Efisiensi Pengolahan Cr(VI) dengan Resin Immobilized Photocatalyst Technology (RIPT) Katalis ZnO
Keywords:
Cr(VI), Photocatalyst, Resin Immobilized Photocatalyst, Nickel Mining Wastewater, ZnOAbstract
Waste water from the nickel mining process has the potential to contaminate the environment due to the presence of hazardous metals such as chromium (Cr) in the form of Cr(VI) and Cr(III), iron (Fe), nickel (Ni) and other heavy metals. These substances are of great concern because of their toxicity, which can have adverse effects on ecosystems and human health. This study was conducted to investigate the effects of UV-C lamp light intensity, contact time and RIPT-ZnO weight on the removal of hexavalent chromium (Cr(VI)) from nickel wastewater.
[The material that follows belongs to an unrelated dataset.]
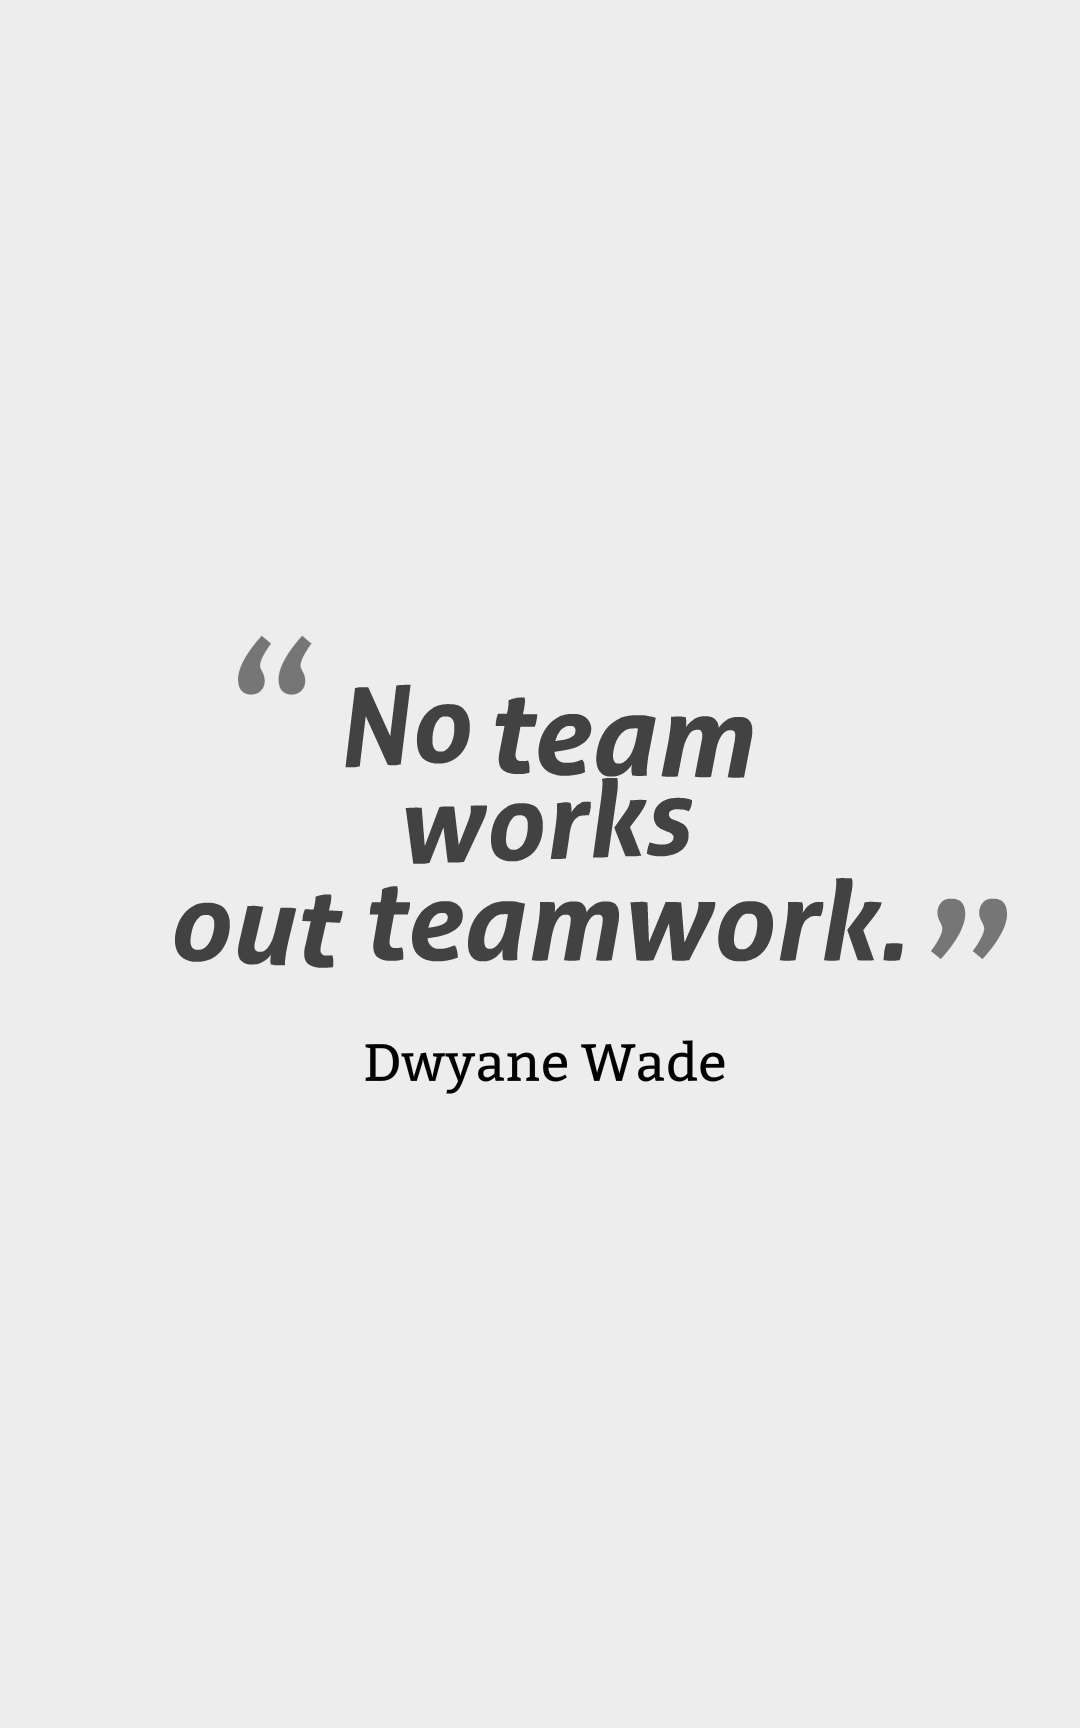 No team works out teamwork.

The method used in this research involved immobilisation of photocatalysts on resin with RIPT concentrations of 5g, 10g and 15g and variations in UV-C lamp light intensity of 8W, 18W and direct sunlight. The contact times tested were 0 minutes, 30 minutes, 60 minutes, 120 minutes and 180 minutes, with the focus of the analysis on the Cr(VI) concentration. The results showed that increasing RIPT dosage resulted in higher Cr(VI) removal percentages. The highest Cr(VI) removal was achieved with a 15 gram RIPT dosage, especially when ZnO was used. The optimum contact time for maximum Cr(VI) removal was 180 minutes, indicating that the longer the wastewater is exposed to RIPT, the higher the removal rate. The study found that the use of ZnO in the RIPT technology achieved the highest Cr(VI) removal efficiency, reaching 96%.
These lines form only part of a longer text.